Но и это не весь Достоевский. Не укладывается он и в положитель­ные рамки пророка. Достоевский — певец надрывов. Кто не имеет твердости преодолеть эти надрывы, при чтении сорвется в них. Край­не не согласна с мнением преп. Иустина, что «каждый найдет себя в нем. Если вы печальны, то он всеусердно разделит вашу печаль. Если вы в отчаянии, то тут он ваш друг, ваш брат, ваш близнец, и в то же вре­мя утешитель. Если вы атеист, он страдает вместе с вами, мучается ва­шей мукой, гениально защищает атеизм, подводит вас к взрывоопас­ному богоборческому бунту и к безумному отчаянию с тем, чтобы вместе с вами с криком броситься в ноги благого Иисуса»[33].

По-моему, не разделит, не утешит, а наоборот, добавит. И где гаран­тия, что подведенный к «богоборческому бунту и к безумному отчая­нию» человек вообще захочет броситься «в ноги благого Иисуса»? Слишком дорого может стоить такой эксперимент, ибо речь идет о спасении души… Вообще, обширная книга преп. Иустина «Достоев­ский о Европе и славянстве» может рассматриваться, как частное воз­зрение человека святой жизни, соответствующее ее высоте. Для рядо­вого мирянина такая точка зрения на Достоевского не достижима. Не буду подробно на ней останавливаться.
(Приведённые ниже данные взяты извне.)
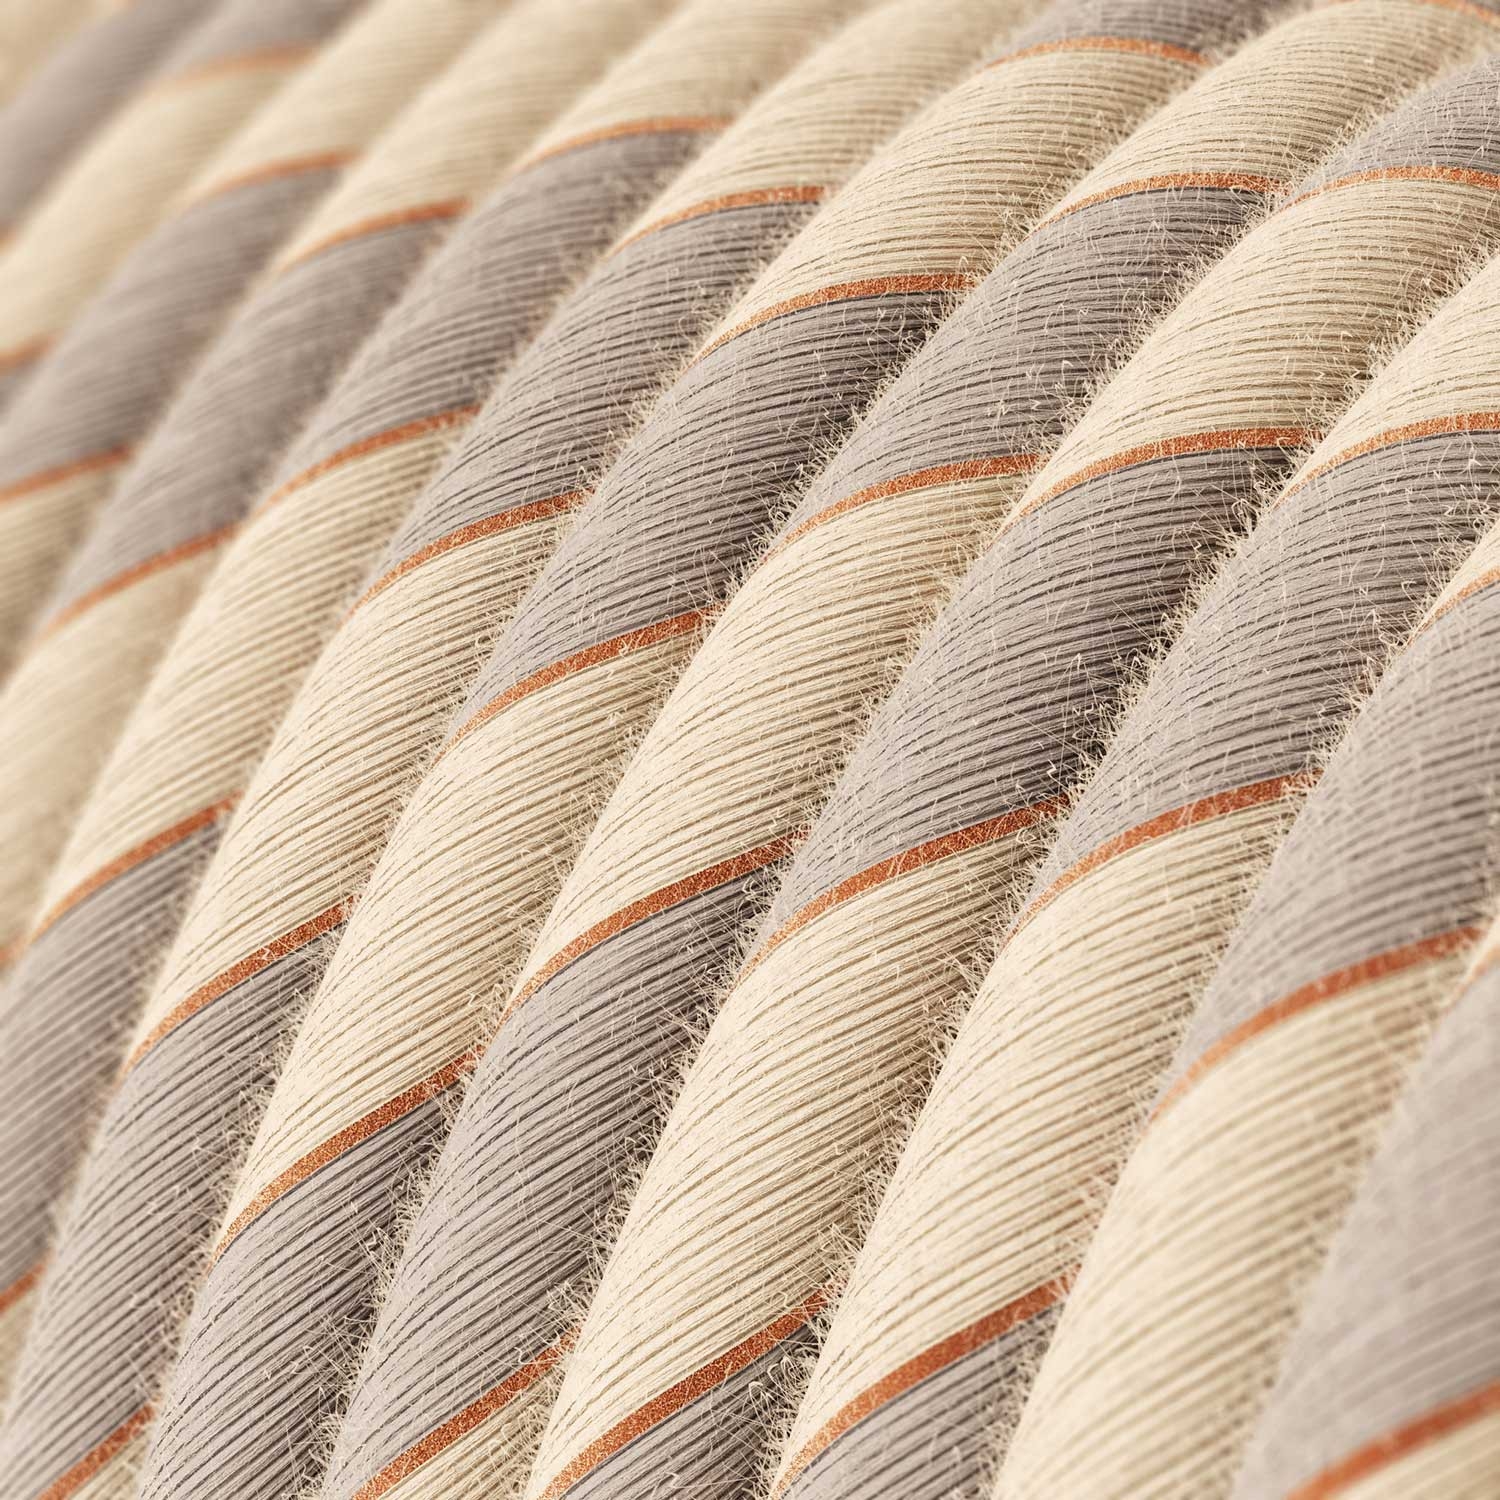 ERR05 Copper Thread Vertigo Cotton and Linen Round Electrical Fabric Cloth Cord Cable

Герои Достоевского все «бремени ищут». Всем мало ига Христова, и они ищут себе особого. Извечный соблазн молодости, эти поиски до добра не доводят. Но зато как описаны! Будто это — единственное, са­мое естественное занятие души, то, без чего не состояться личности. Кто бы объяснил тогда, в молодости, что «иго Мое благо, и бремя Мое легко есть». Герои Достоевского знают о Христе. Но что-то их все не туда клонит. Церковности, соборности в их вере нет по преимуществу, зато процветает «подпольная» религиозность, в которой не поймешь, чего больше — язычества или христианства. В «Бесах», например, Марья Тимофеевна рассказывает такой эпизод: «А тем временем и шепни мне, из церкви выходя, одна старица, на покаянии у нас жила за пророчество — Богородица что есть, как мнишь? — Великая мать, от­вечаю, упование рода человеческого. — Так, говорит, Богородица — великая мать сыра земля есть, и великая в том для человека заключа­ется радость»[34].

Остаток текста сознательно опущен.